Example (hiring signal):
“Hi [Name] — I noticed you’re hiring a Director of Sales Ops at [Company]. That usually happens right around when teams start hitting the limits of spreadsheets and need a real system. We help [similar companies] [specific result]. Worth a 15-minute call?”
Example (funding signal):
“Hi [Name] — congrats on the Series B. Based on what you shared in the announcement about your growth targets, I’m guessing you’re about to significantly expand your [function]. We’ve helped [two similar companies] do exactly that — [specific result]. Would love to share how. 15 minutes?”

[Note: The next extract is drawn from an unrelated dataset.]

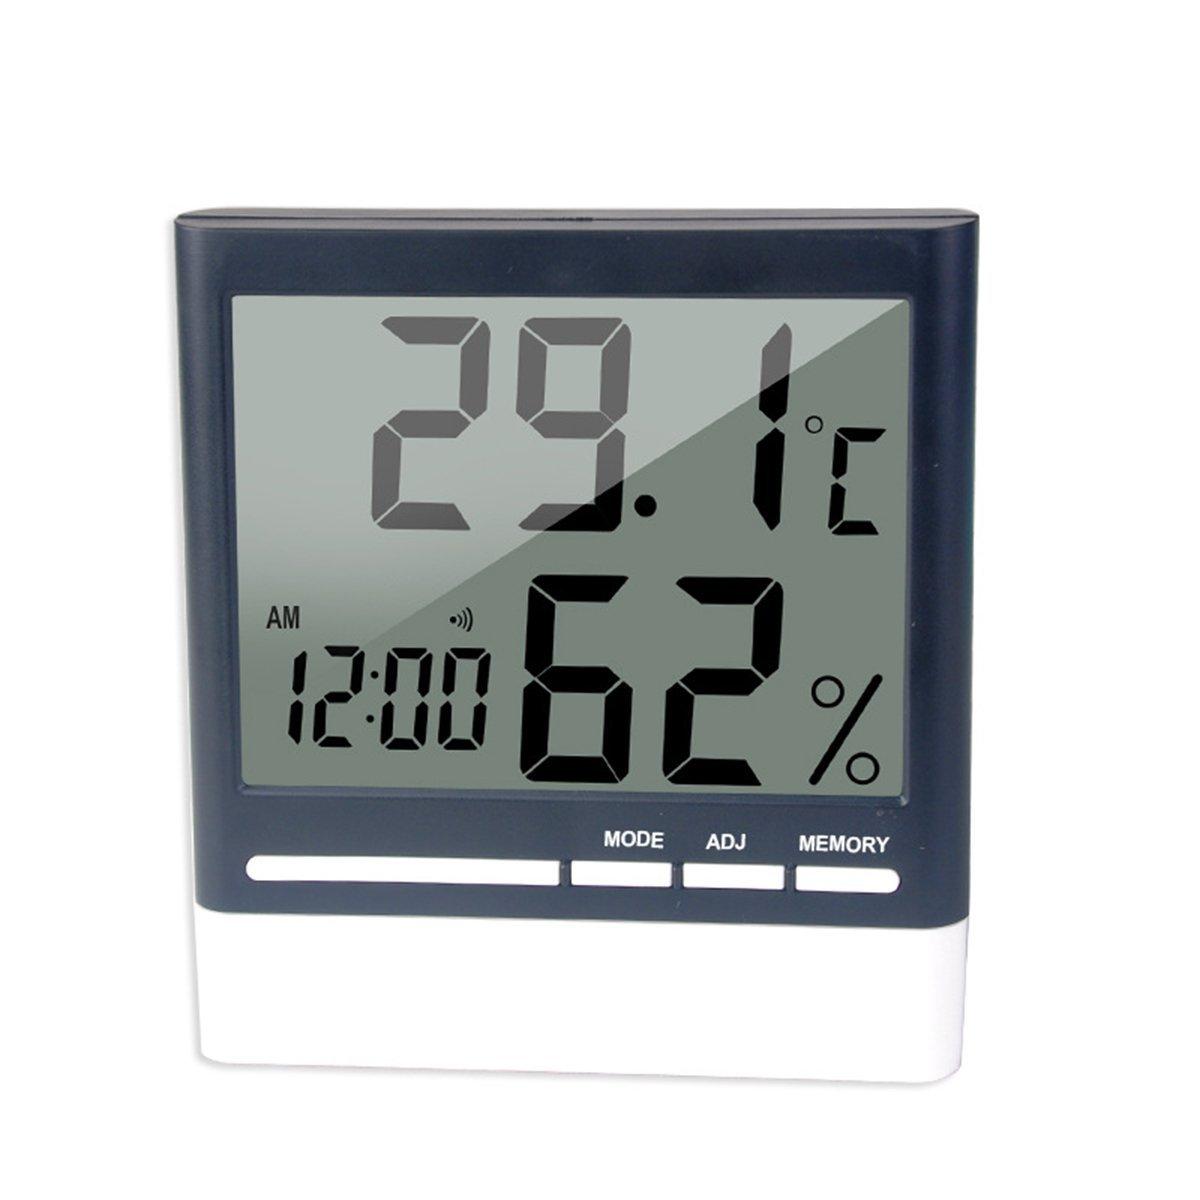 BESTOMZ Digital Hygrometer Clock Large LCD Display Indoor Thermometer Humidity Monitor Temperature Humidity Gauge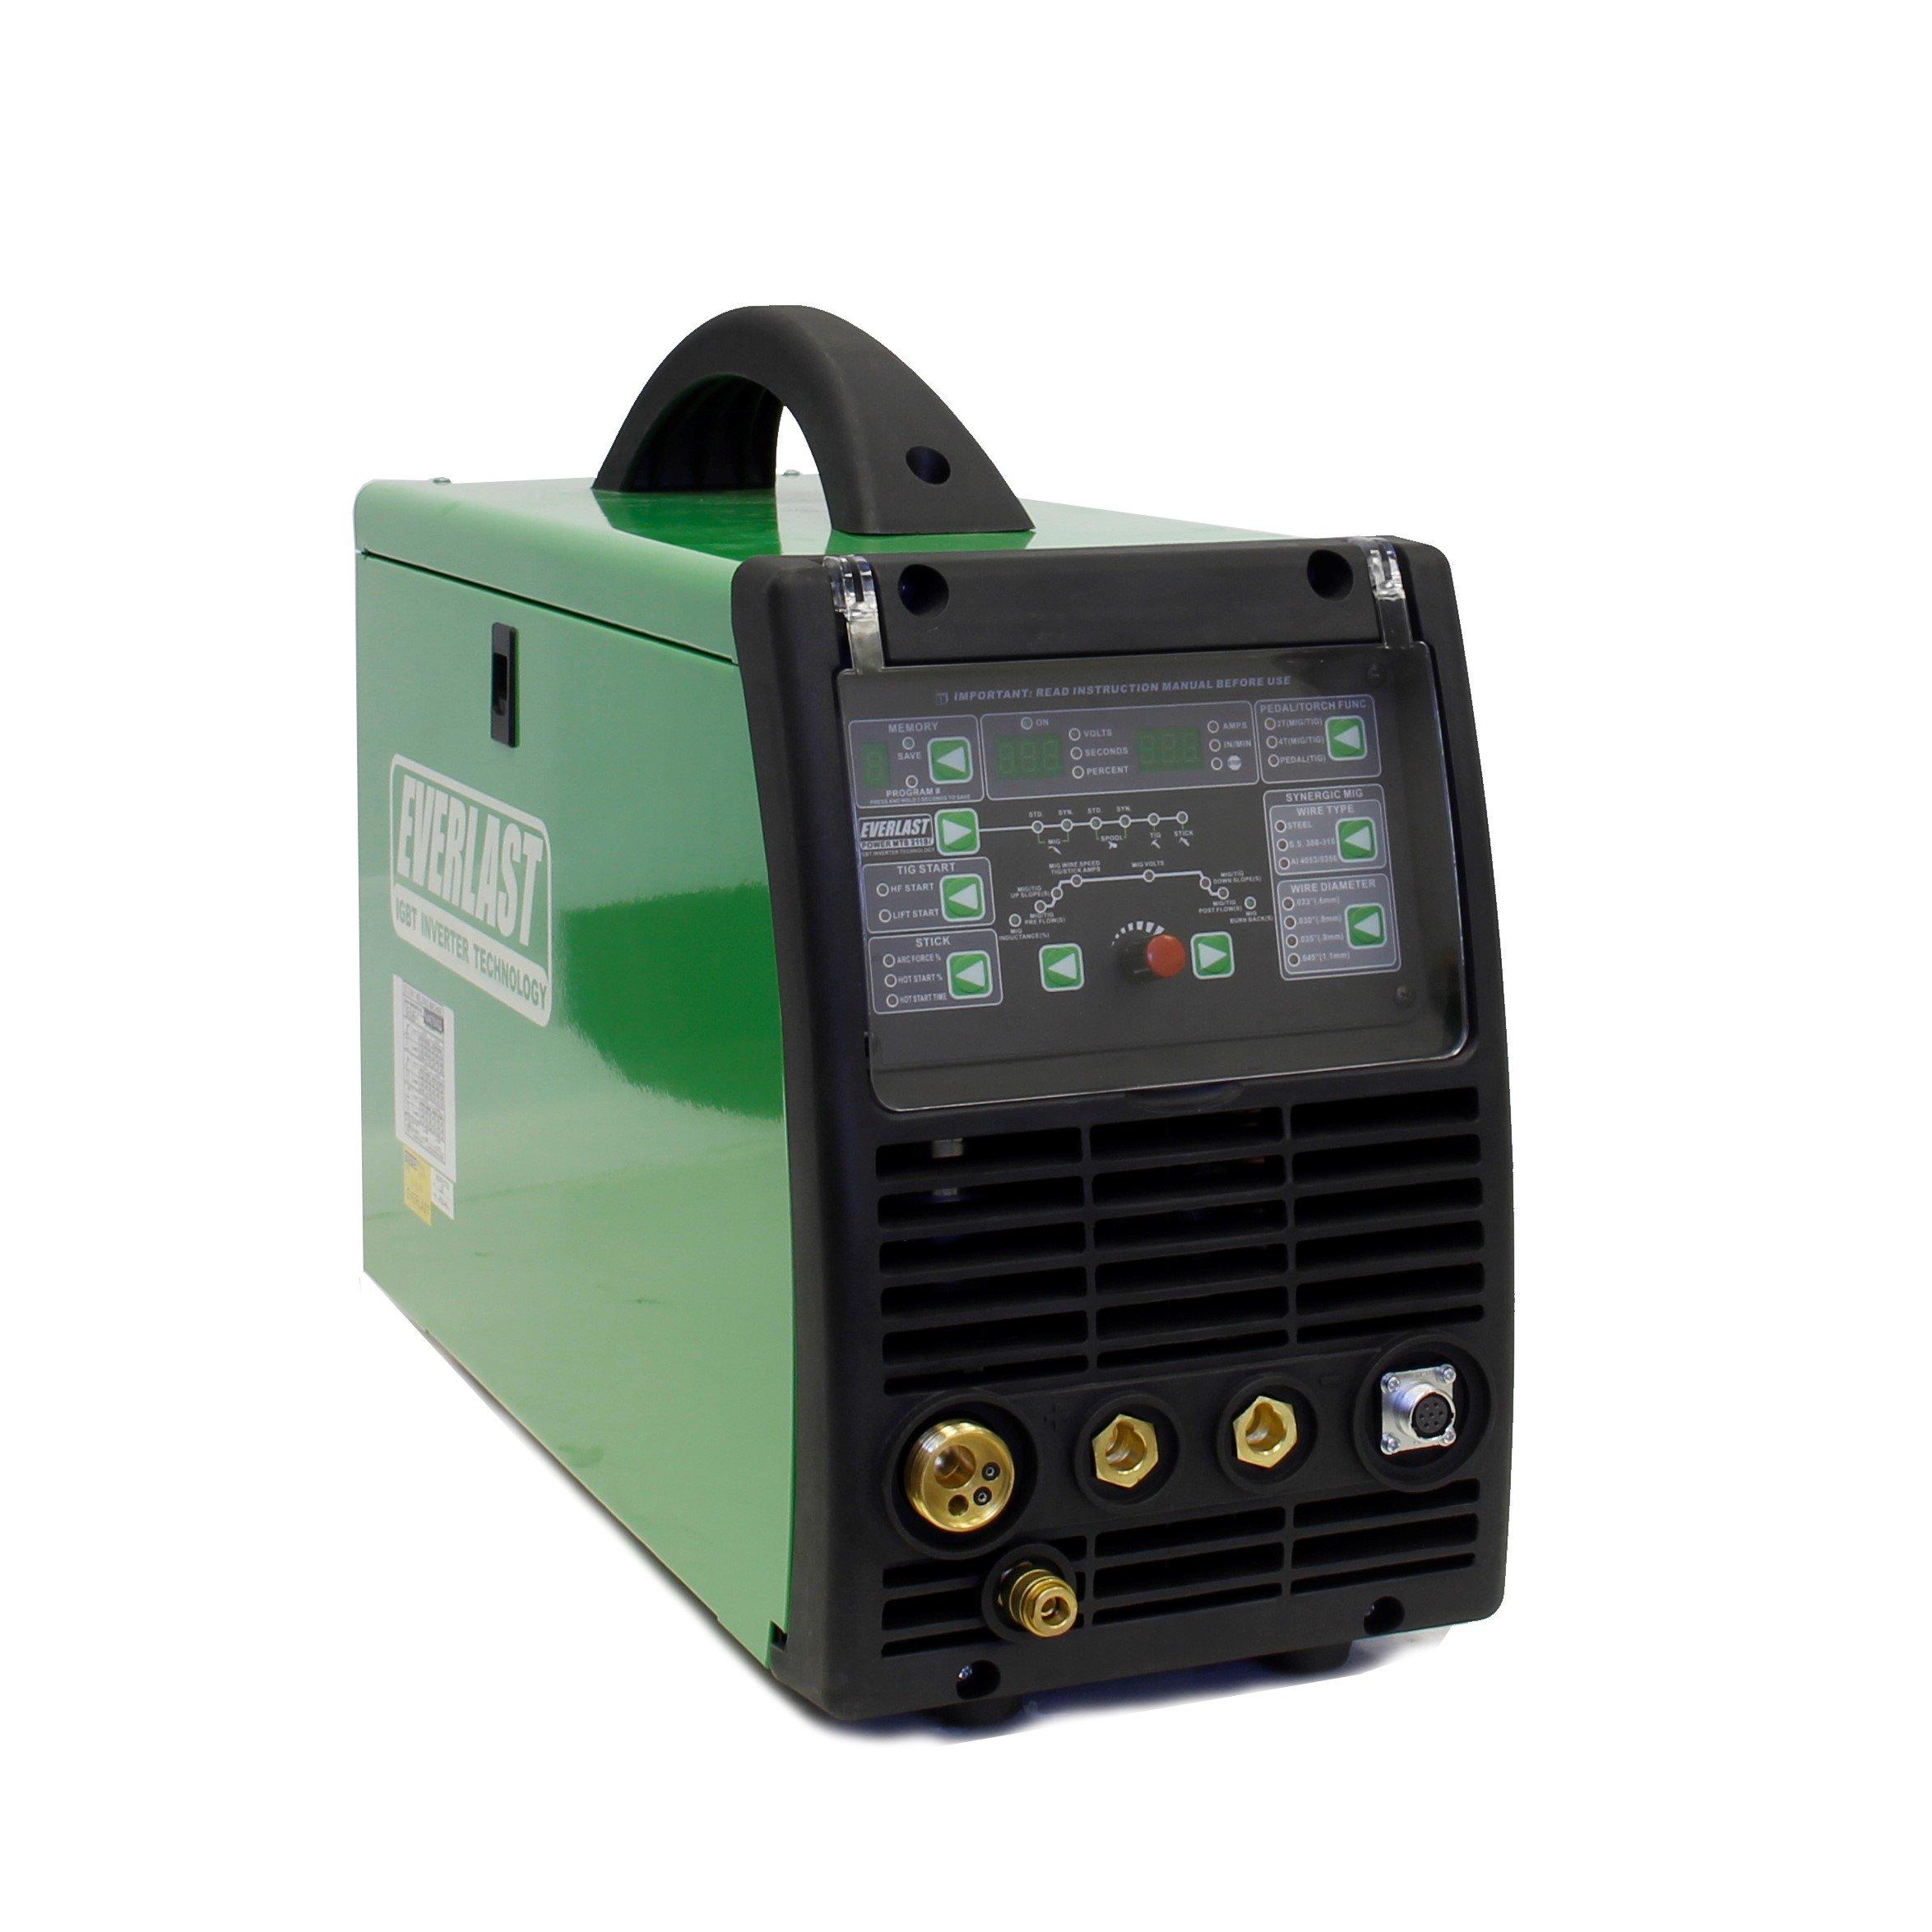 2018 Everlast PowerMTS 211Si MIG TIG Stick 200amp 110v/220v Multi Process new Welder by Everlast Power Equipment (Image #1)

Ask the user: Write one signal-based email for their top 3 target accounts right now.
Step 6: Build the Follow-Up System
One email doesn’t close deals. The system matters more than any individual message.
Cadence (7-touch over 30 days):
| Touch | Day | Channel | Message |
|---|---|---|---|
| 1 | Day 1 | Signal-based intro | |
| 2 | Day 3 | Connection request (no pitch) | |
| 3 | Day 5 | Add value (relevant resource or insight) | |
| 4 | Day 8 | Comment on their recent post | |
| 5 | Day 12 | Brief follow-up, ask | |
| 6 | Day 18 | New angle or new signal | |
| 7 | Day 25 | Breakup (“I’ll stop following up after this”) |
If no response after the sequence: add to the quarterly re-touch list. Signals change — the same company that ignored you in January may have a new VP of Sales in April who’s actively evaluating vendors.
Quick Reference
| Step | What to Do | Key Output |
|---|---|---|
| 1. ICP | Define industry, size, title, trigger | Specific ICP criteria |
| 2. Signals | Pick 2-3 signals that predict purchase intent | Signal list |
| 3. Build list | Filter base universe by ICP + signals | Prioritized target list |
| 4. Prioritize | Score by number of active signals | Tier 1 / 2 / 3 buckets |
| 5. Write outreach | Reference the specific signal | Signal-based email |
| 6. Follow up | 7-touch sequence over 30 days | Automated cadence |
Search the Archive
grep -ri "SignalFire\|Elaine Zelby\|data.*signal\|lead.*generation" transcripts/
grep -ri "job posting\|tech stack\|funding.*signal\|hiring.*pattern" transcripts/
grep -ri "cold email\|B2B.*sales\|outbound.*prospect" transcripts/
Output
After the session, deliver:
- ICP definition — fully specified with all dimensions filled in
- Signal list — the 2-3 primary signals to monitor and filter by
- Target list — first 20-30 companies that match ICP + have active signals
- Tiered prioritization — Tier 1/2/3 based on signal strength
- Email templates — one template per signal type, customized to their product
- Follow-up cadence — 7-touch sequence with specific messaging for each touch
Source
Brainstorming Million Dollar Ideas with Elaine Zelby | My First Million Ep. #175 — Sam Parr and Shaan Puri interview Elaine Zelby (partner at SignalFire VC) on data-driven investment and sales methodology.